(Cocaine Smuggling Routes and Transshipment Countries) "Increasing amounts of Latin American cocaine are now also being sent to Europe (see Figure 2.2). Most consignments are smuggled in container vessels and dispatched directly to ports in Spain (Barcelona), Portugal (Lisbon), the Netherlands (Rotterdam), and Belgium (Antwerp).9 The growing emphasis on Europe reflects higher street prices than those in the United States10 (see Table 2.4) and shifting consumer demand patterns toward this particular narcotic (and derivates, such as crack).11 Based on prevalence rates in 2008, the United States accounted for roughly 44 percent of global cocaine consumption, Europe 25 percent. In the latter case, the UK constitutes the largest cocaine market on the continent in absolute terms, with usage among the general population standing at 1.2 million in 2009.12
"The more-common route, however, runs via hubs in West Africa, especially Sierra Leone, Guinea-Bissau, Guinea, Ghana, Mali, and Senegal (see Figure 2.3).
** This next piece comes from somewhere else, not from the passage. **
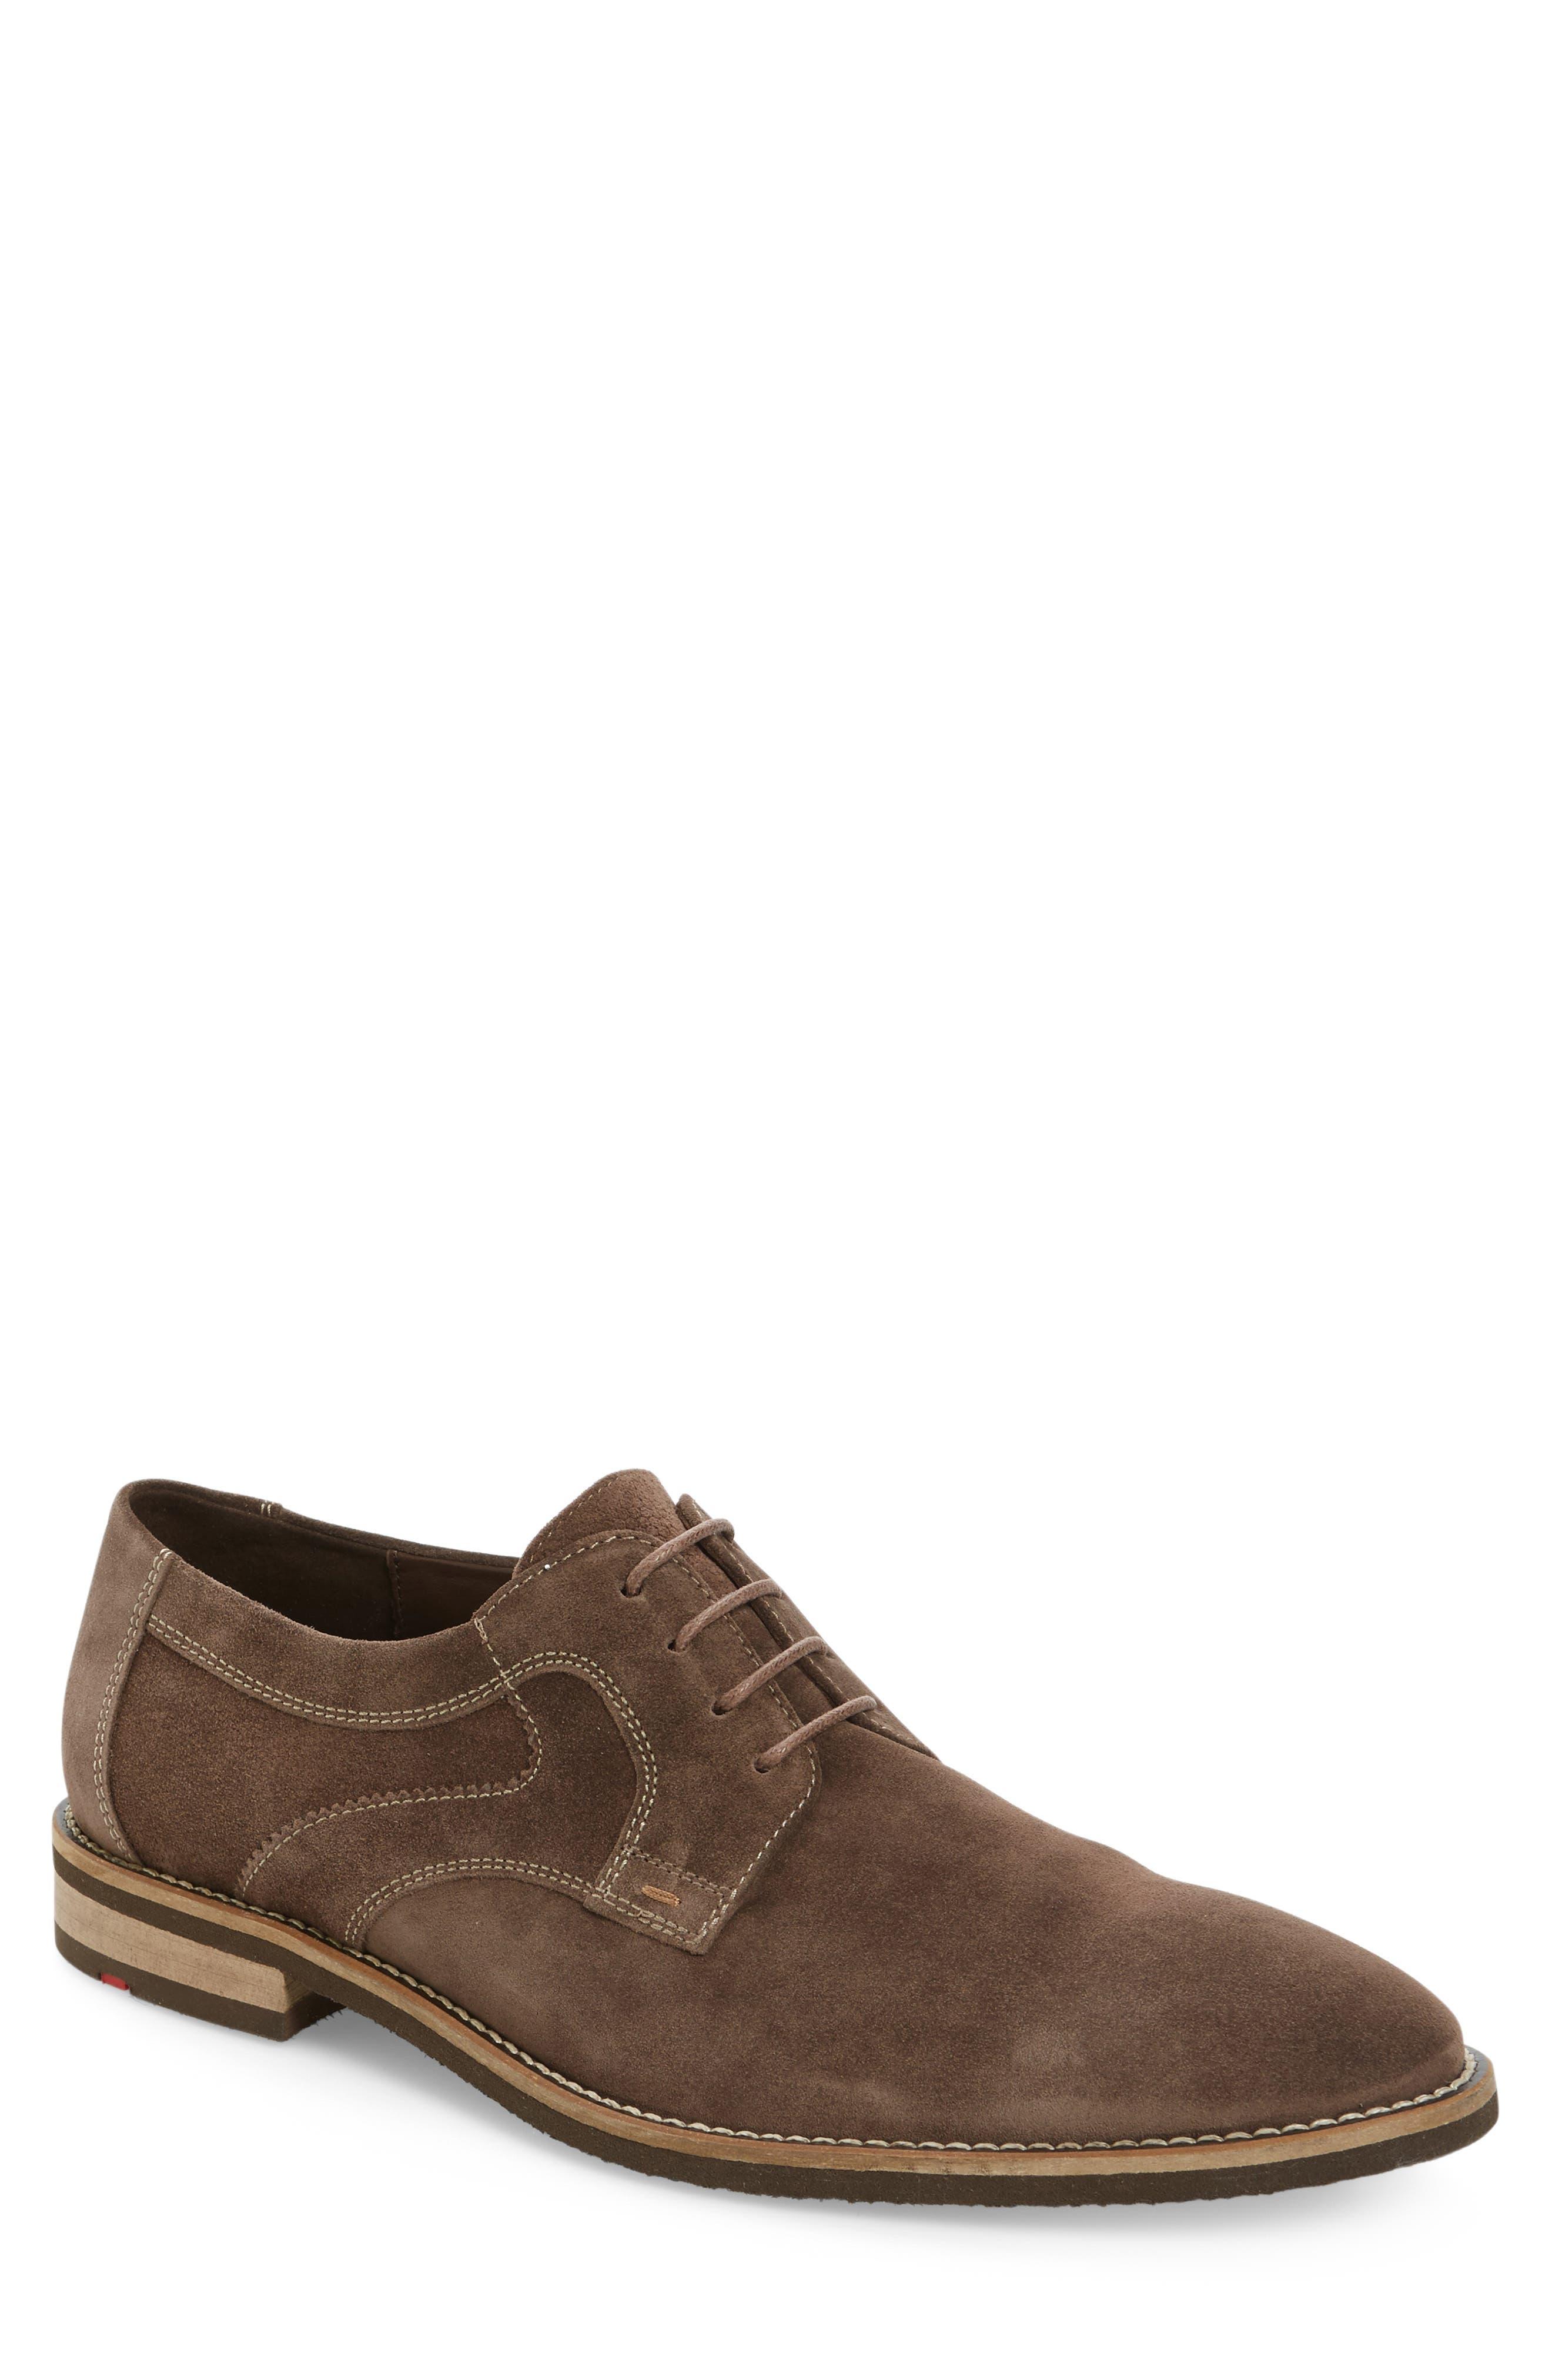 Main Image - Lloyd Haarlem Buck Shoe (Men)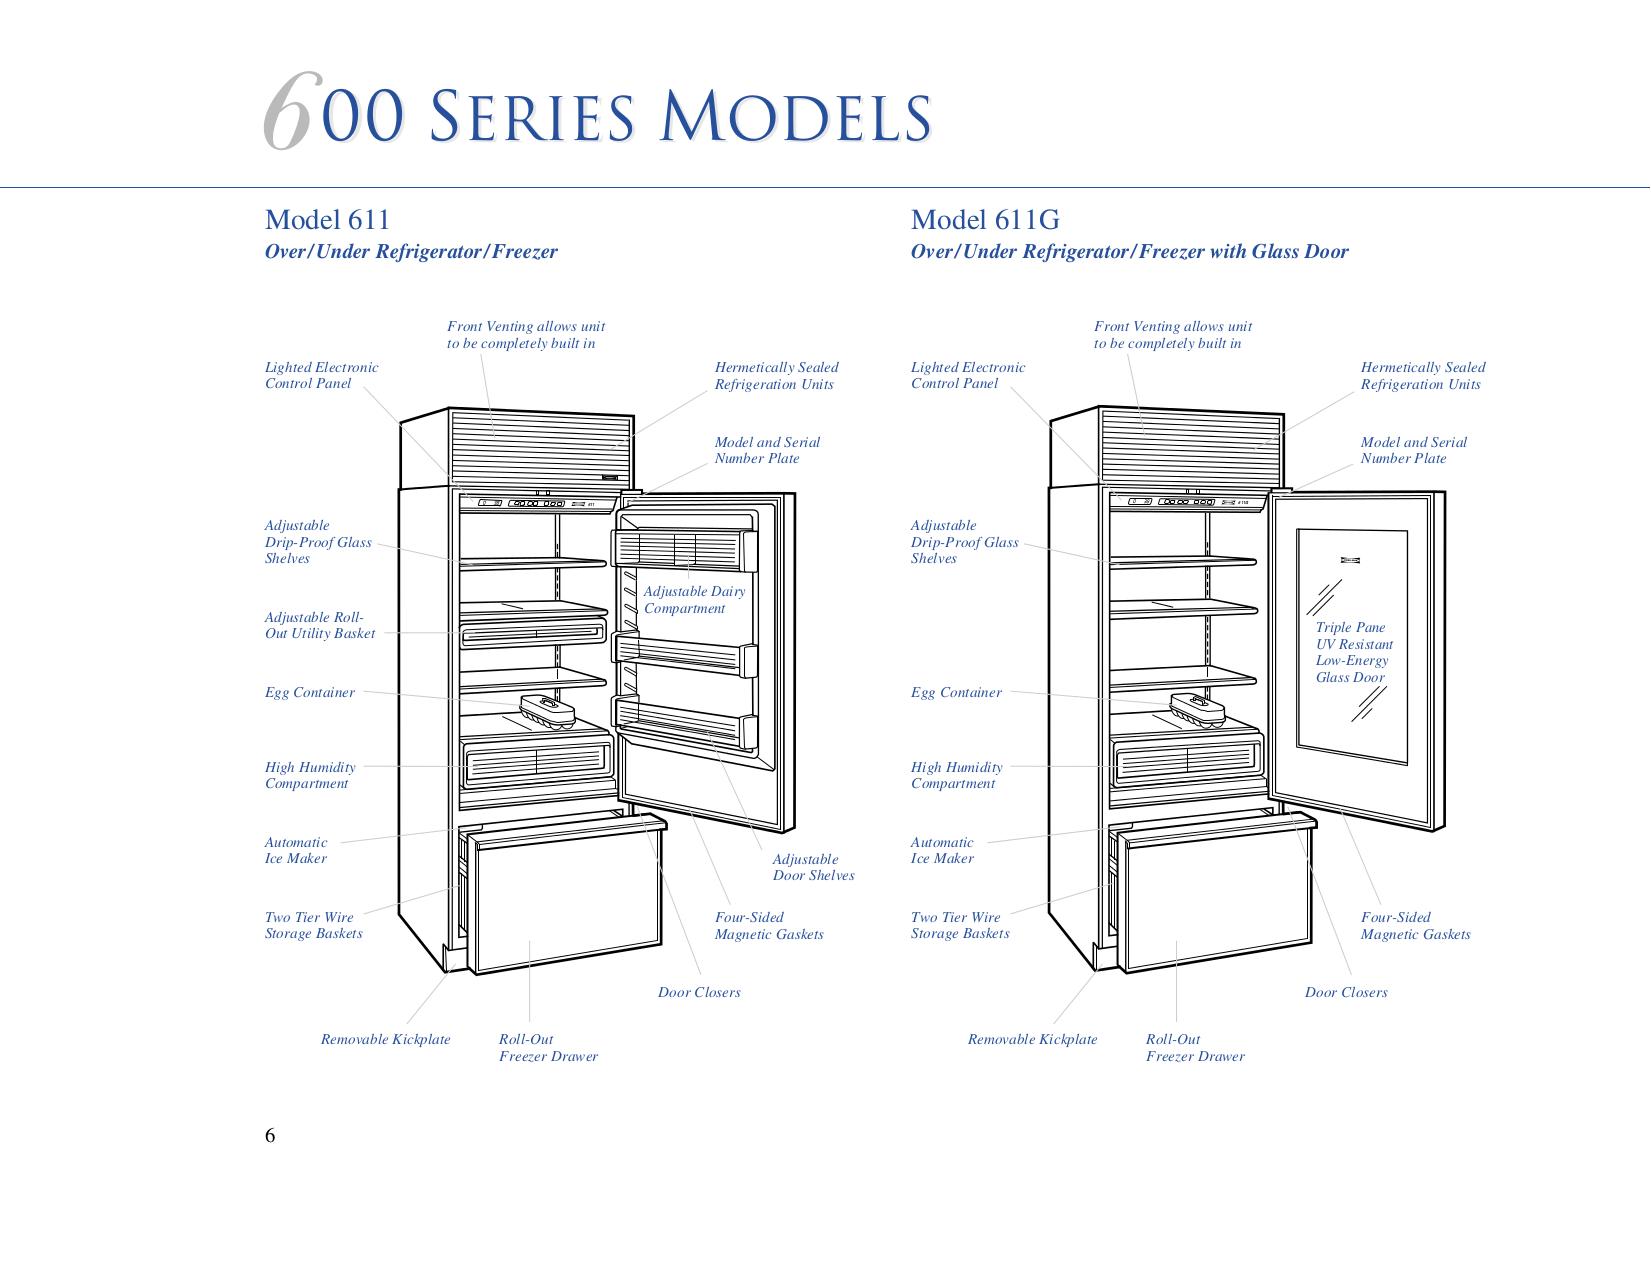 pdf manual for wolf refrigerator sub zero 642 rh umlib com Sub-Zero 650 Indicator Light Sub-Zero 650 Parts Diagram

All of these countries have weak judicial institutions, lack the resources for effective (or, indeed, even rudimentary) coastal surveillance, and are beset by endemic corruption—making them ideal transshipment hubs for moving narcotics out of Latin America.13 According to U.S. officials, between 25 and 35 percent of all Andean cocaine consumed in Europe arrives from one of these states.14 A 2008 report by UNODC similarly estimated that at least 50 tons of Colombian drugs pass through West Africa every year, with cocaine seizures doubling annually from 1.32 tons in 2005 to 3.16 tons in 2006 to 6.46 tons in 2007.15 In the words of Antonio María Costa, the former executive director of UNODC, the illicit trade has become so endemic that it has now effectively turned “the Gold Coast into the Coke Coast.”16"
Chalk, Peter, "The Latin American Drug Trade: Scope, Dimensions, Impact, and Response," RAND Corporation for the the United States Air Force (Santa Monica, CA: 2011), pp. 6-9.